We performed an analysis of the relevant literature and selected 17 genes related to EMT process in CRC (Table 2). Using qPCR, mRNA levels of these genes were analyzed in 44 CRC samples (Table 3).
Table 2

Genes involved in the epithelial-mesenchymal transition in CRC





TWIST1 is a highly conserved basic helix-loop-helix (bHLH) transcription factor that regulates the EMT required for neural crest migration during vertebrate embryonic development. TWIST1 expression is positively associated with patient survival after curative CRC resection, and thus is a promising candidate biomarker of the disease progression.





SNAIL1 is a transcriptional regulator of E-cadherin, which suppression is critical to facilitate the EMT process. SNAIL1 mRNA level is not detectable in the normal colon mucosa, but is upregulated in 60–70% of CRC. Importantly, aberrant SNAIL1 expression in CRC has been shown to be associated not only with poor patient prognosis, but also with a reduced relapse-free survival time.







SNAIL2 has been implicated as an anti-apoptotic factor, and is thought to mediate the EMT process by repressing E-cadherin transcription. Accordingly, SNAIL2 expression in human CRC cell lines has been shown to be correlated with critical EMT properties, including the loss of E-cadherin expression and an increase in both cell migration and invasion.




ZEB1 mediates the EMT pathway, and in fact has been shown to be not only sufficient to induce the EMT, but also necessary for maintaining the adapted mesenchymal phenotype. ZEB1 contains zinc finger clusters in both its N- and C-terminal regions, and a homeodomain in the central region. In CRC cells, ZEB1 has been shown to critically mediate the EMT, and thus may be an important regulator of CRC metastasis.

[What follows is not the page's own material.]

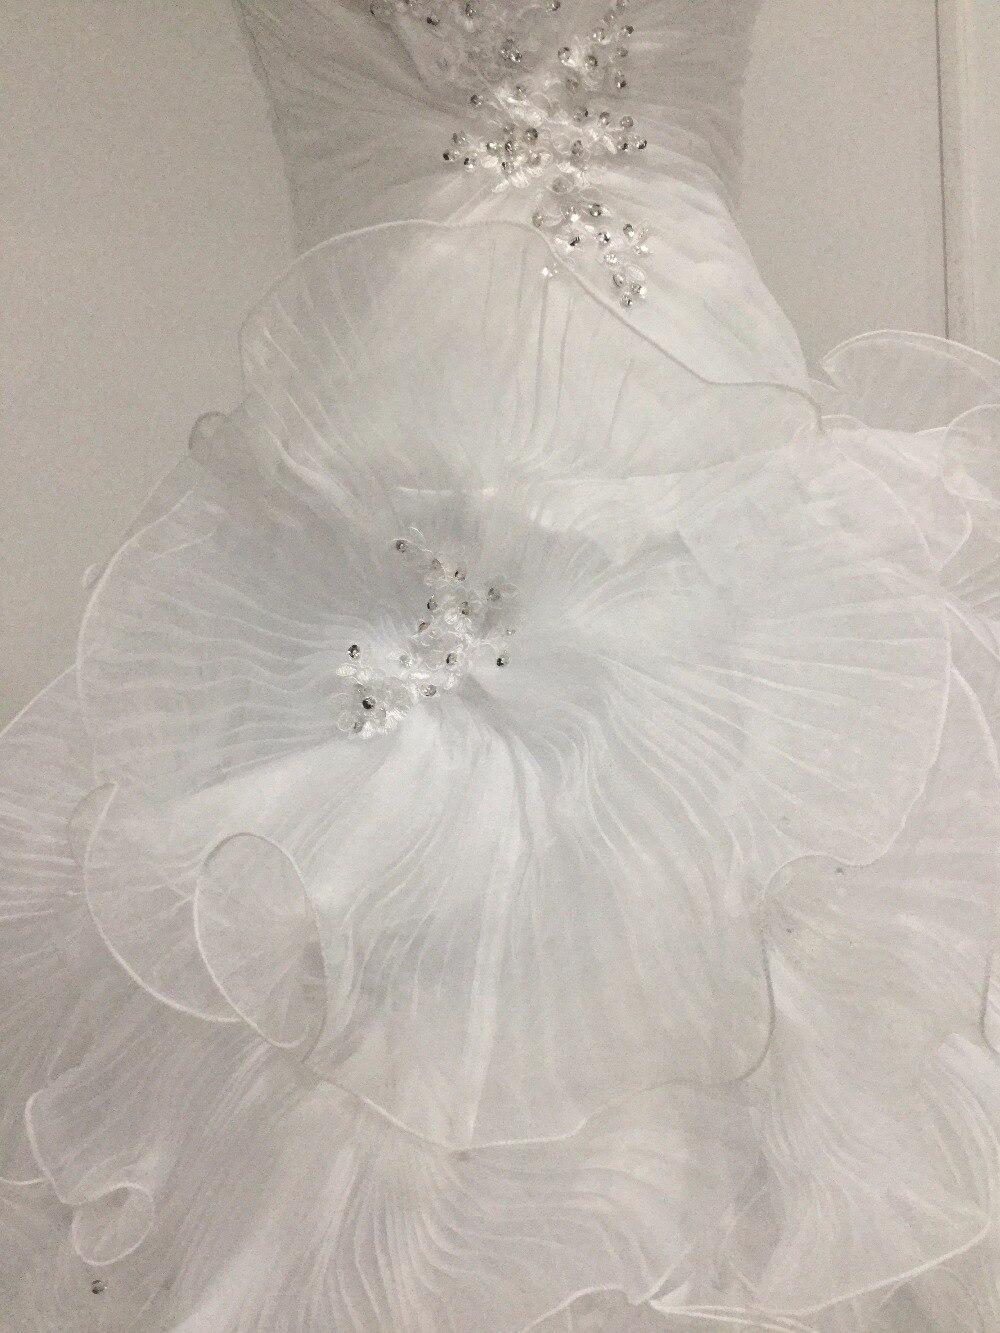 Senza spalline Una Linea pieghe increspature big floreale fogli organza  bianco abito da sposa con applicazioni di perline abito da sposa in Senza  spalline ... 31fef79ec74

ZEB2 is a member of the Zfh1 family of two-handed zinc-finger transcription factors. It is frequently expressed in colon cancer, and has been shown by several previous studies to induce the EMT, and to facilitate cancer-cell metastasis, possibly via the repression and upregulation of E-cadherin and vimentin respectively.





LEF1 is critical for tumor-cell adhesion and/or migration, and thus, also for tumor invasion and metastasis. In addition, it plays a pivotal role in carcinogenesis and CRC progression, partly via its function in the LEF1/β-catenin complex, which is a crucial effector of the Wnt signaling pathway. Increased LEF1 expression has been shown to be correlated with node and distant metastasis, and with an advanced tumor stage. Furthermore, LEF1 was shown to be involved in CRC invasion and metastasis.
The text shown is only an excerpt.